Tip #3: Assessment and Plan
The Assessment and Plan (A/P) section is where you document billable diagnoses using ICD-10 codes, based on your clinical evaluation and current data. Select diagnoses that accurately reflect the patient’s condition and severity with as much specificity as possible. Each diagnosis should be paired with a clear treatment plan that addresses the patient’s acuity.
Example A/P:
-
Chest pain: Possible cardiac etiology; patient has risk factors for CAD. High-sensitivity troponin normal; EKG non-ischemic. Plan: Obtain echocardiogram and plan for a treadmill nuclear stress test tomorrow to evaluate ischemic causes of chest pain. If this is normal, the patient can be discharged home with follow up in the cardiology clinic.
-
Dyslipidemia: Lipid panel is pending this morning. Patient currently on Crestor. Liver enzymes (AST/ALT) are within normal limits.
-
Tobacco use: Counseled on cessation; referred to smoking cessation program.

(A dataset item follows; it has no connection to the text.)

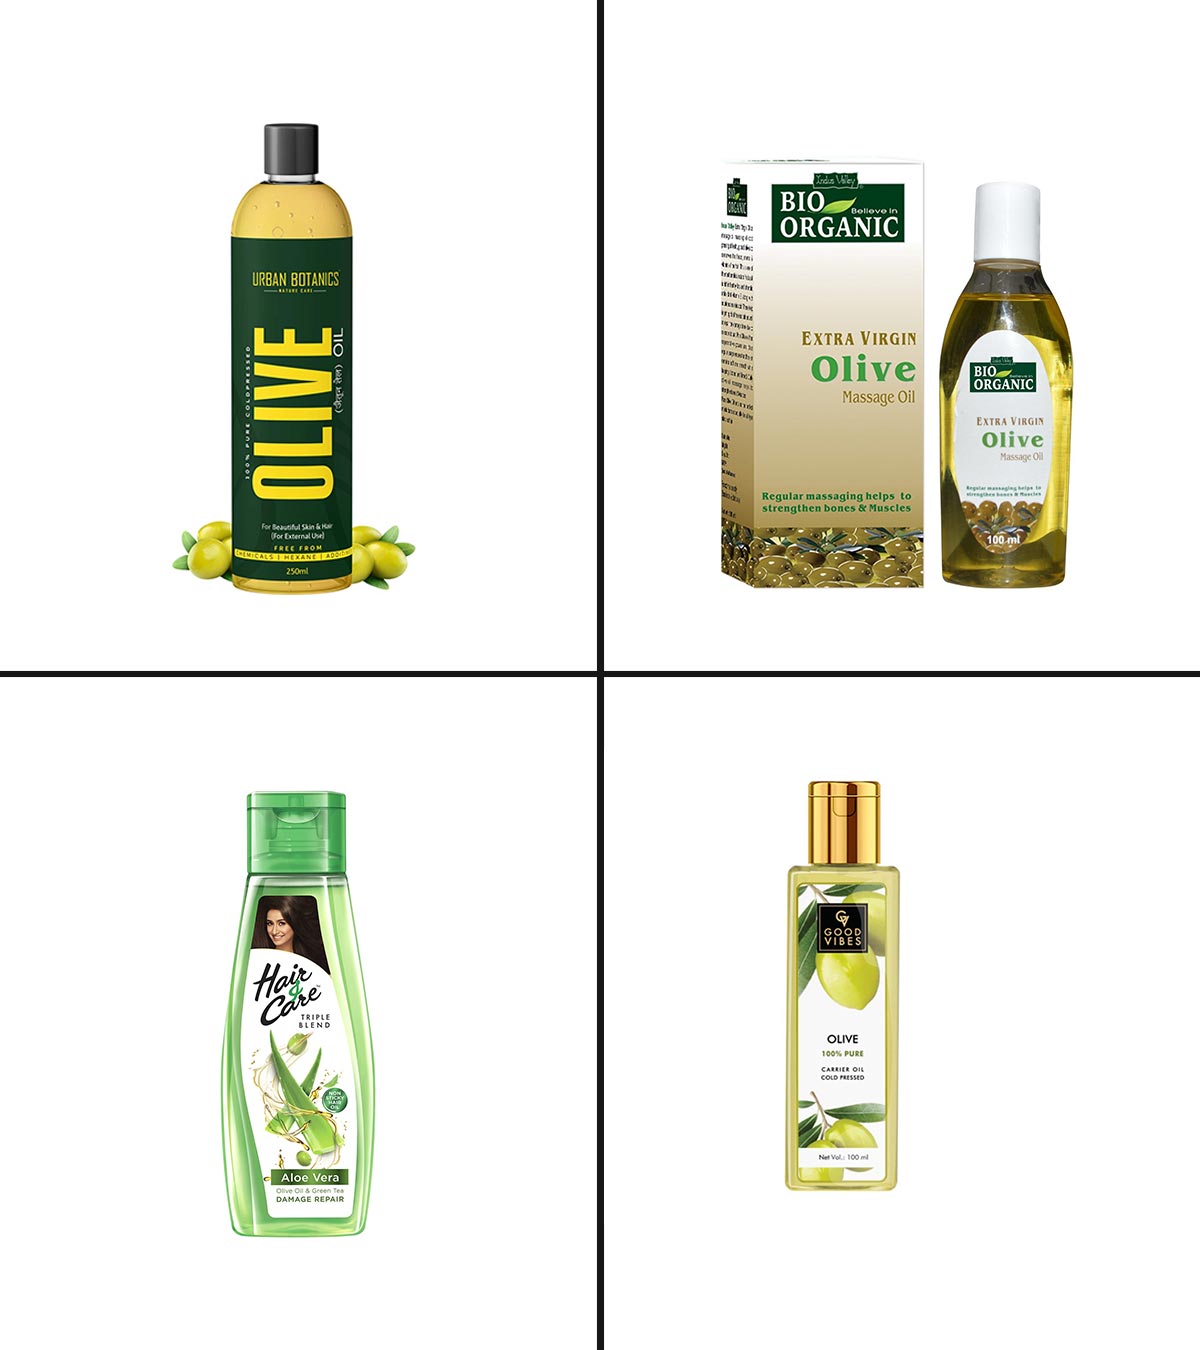 Trust Olive Oil To Benefit Your Hair In Ways You Didn't Know | Femina.in
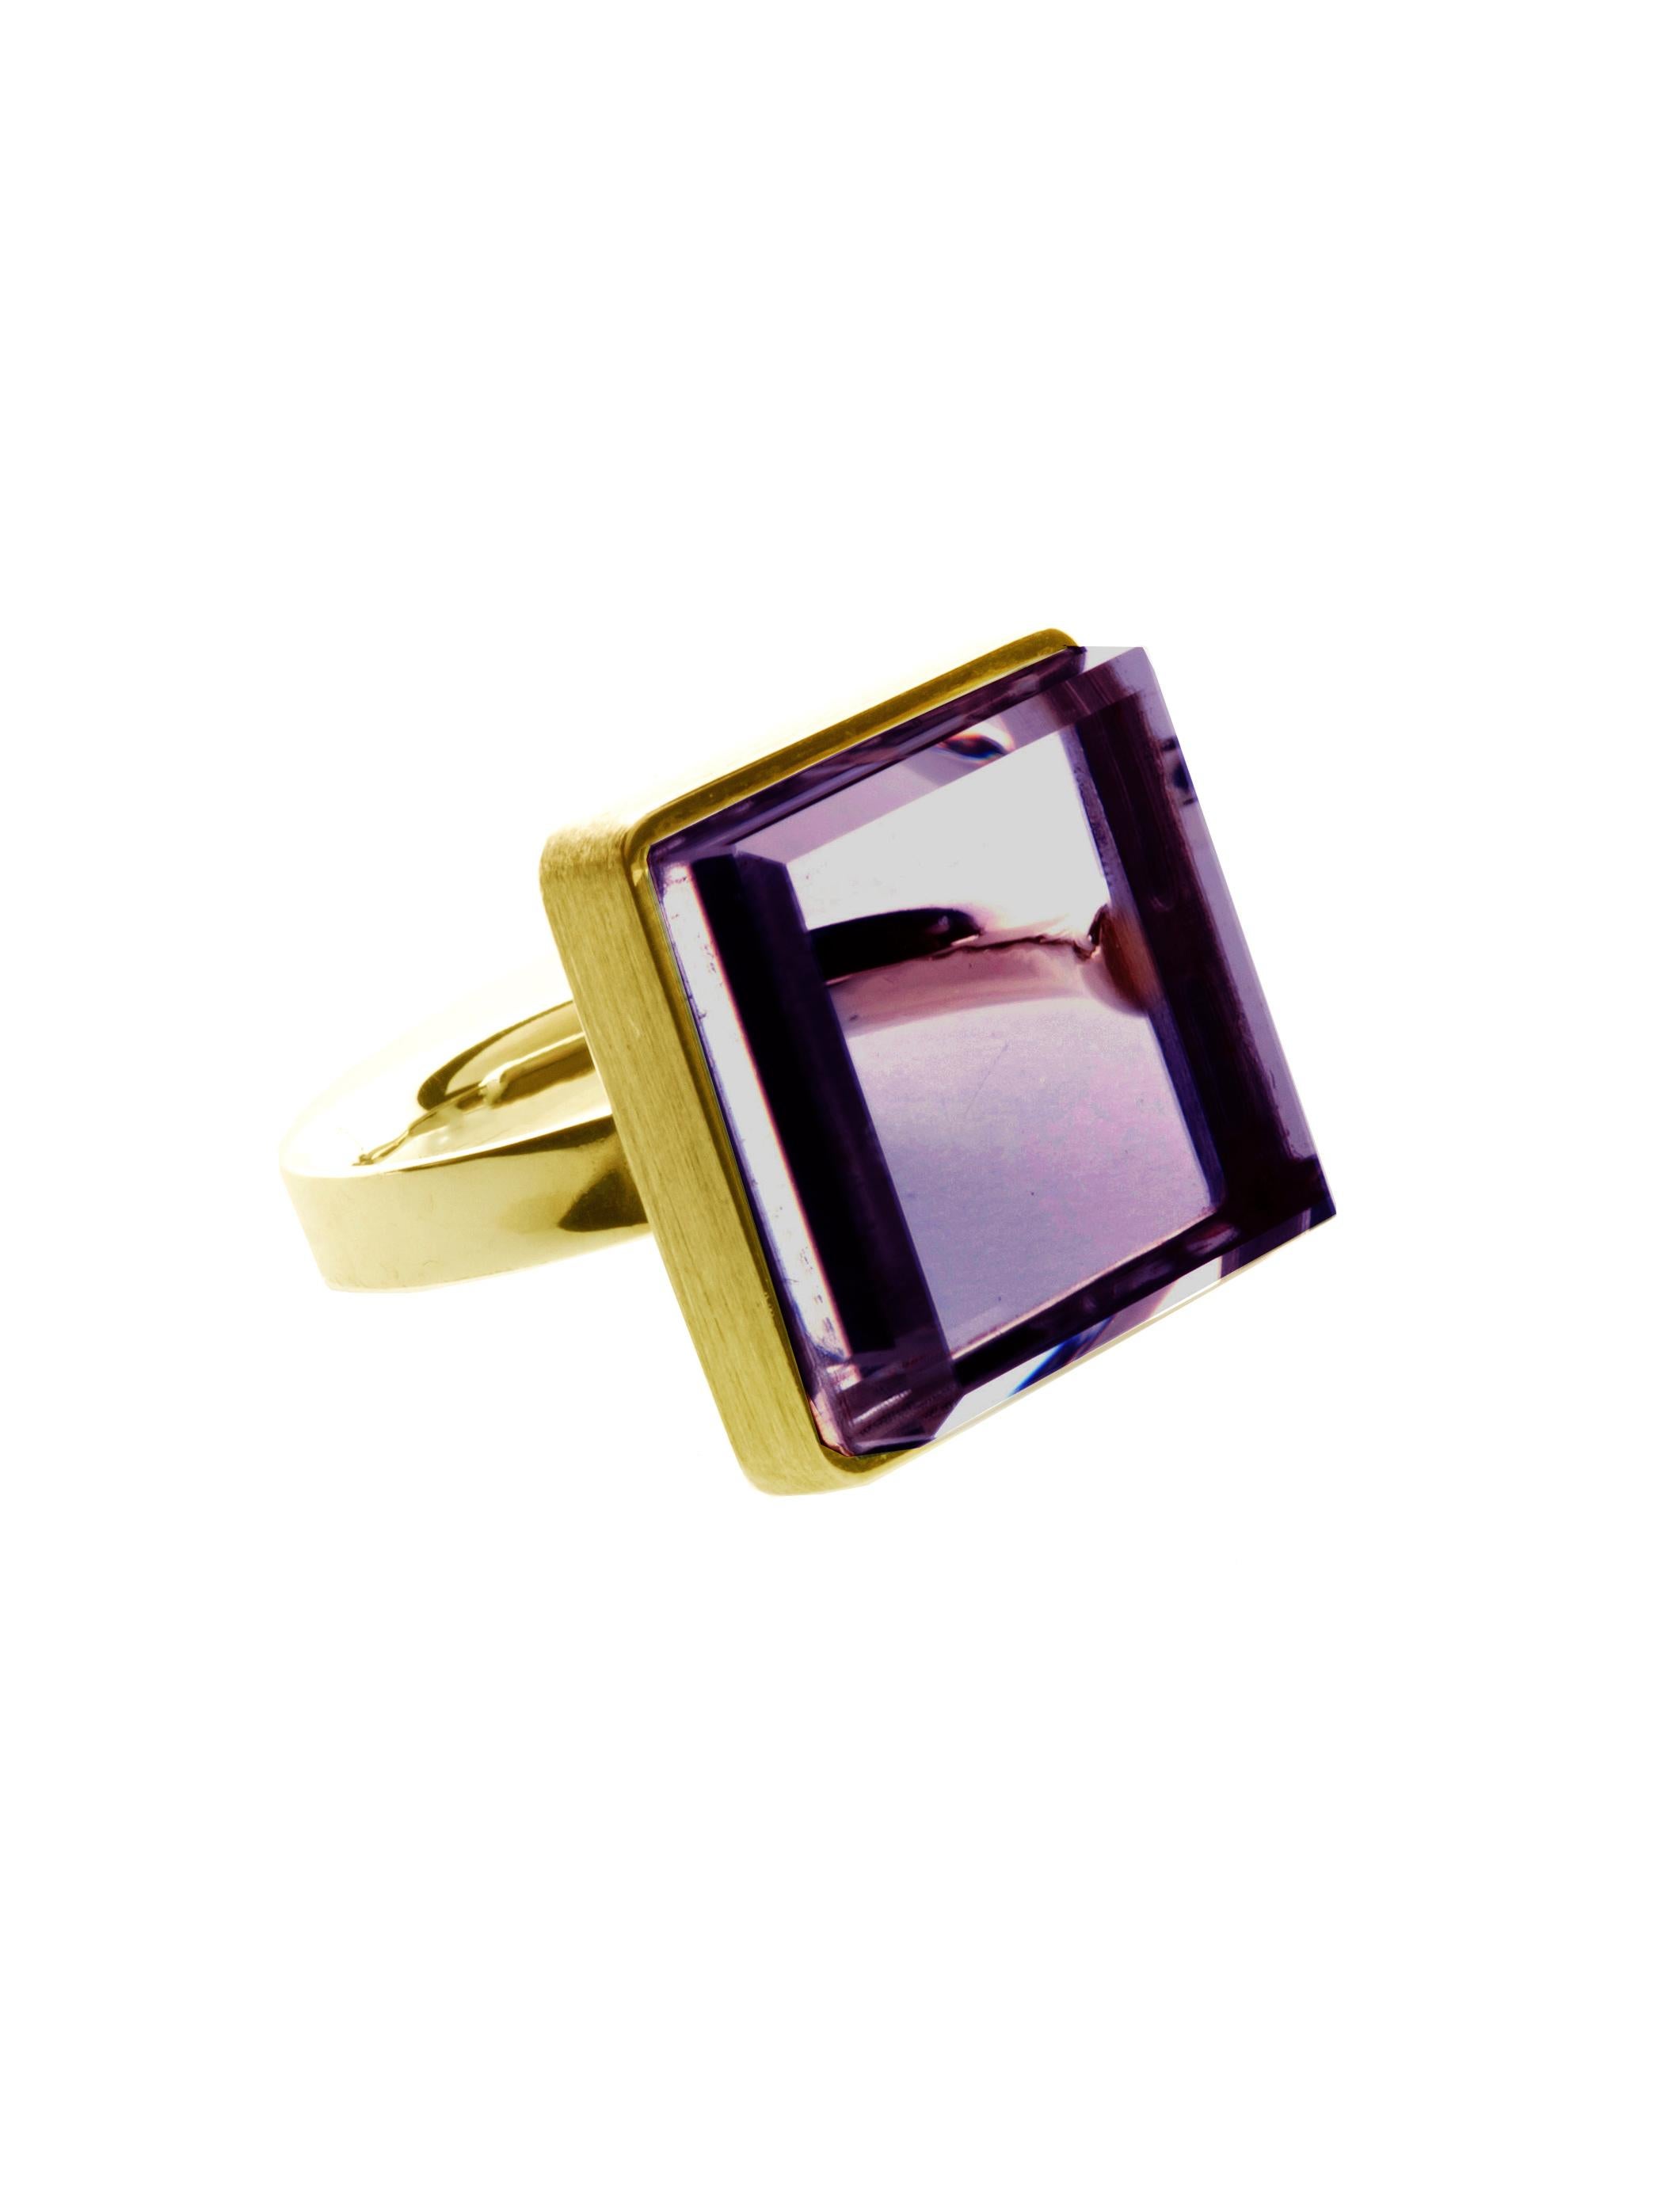 Rose Gold Art Deco Style Men's Ring with Amethyst Featured in Vogue For Sale 9

Example A/P (Acute Heart Failure Patient):
-
Acute on chronic HFrEF: Last echo one year ago showed LVEF 35%. Echo pending today. Continue IV Lasix 40 mg BID and Coreg 6.25 mg BID. Holding Lisinopril due to hypotension and elevated creatinine; will withhold spironolactone for same reasons. Consider starting SGLT2 inhibitor before discharge. Monitor intake/output and daily weights. Consider ICD placement and referral to cardiac rehab before discharge.
-
Hypertensive heart disease with heart failure: Blood pressure currently low; continue monitoring.
-
Obesity: BMI 45.
-
Mild hypokalemia: Potassium 3.4; ordered 40 meq potassium replacement once. Goal potassium level is 4.0. BMP and magnesium labs ordered for the morning.
Tip #4: Documenting Quality and Performance Measures
Document specific quality metrics required by your organization or accreditation programs, such as a ASCVD risk score to calculate risk for coronary disease, venous thromboembolism (VTE) prophylaxis, or antibiotic stewardship. Proper documentation supports patient safety initiatives, regulatory compliance, and quality improvement efforts.
Tip #5: Organization and Precision
Keep your progress notes well-organized and focused on the key clinical issues your service is managing. The note should clearly communicate the daily plan to other hospital providers. Avoid unnecessary verbiage that may obscure important information or lengthen the note without adding value. Use bullet points and highlight changes in treatment in bold to make it easier for others to hone in on important points.
Conclusion
Mastering the inpatient progress note is a vital skill that improves patient care and interdisciplinary communication. By following these tips and practicing regularly, NP and PA students can develop clear, concise, and clinically relevant documentation habits that will serve them throughout their careers.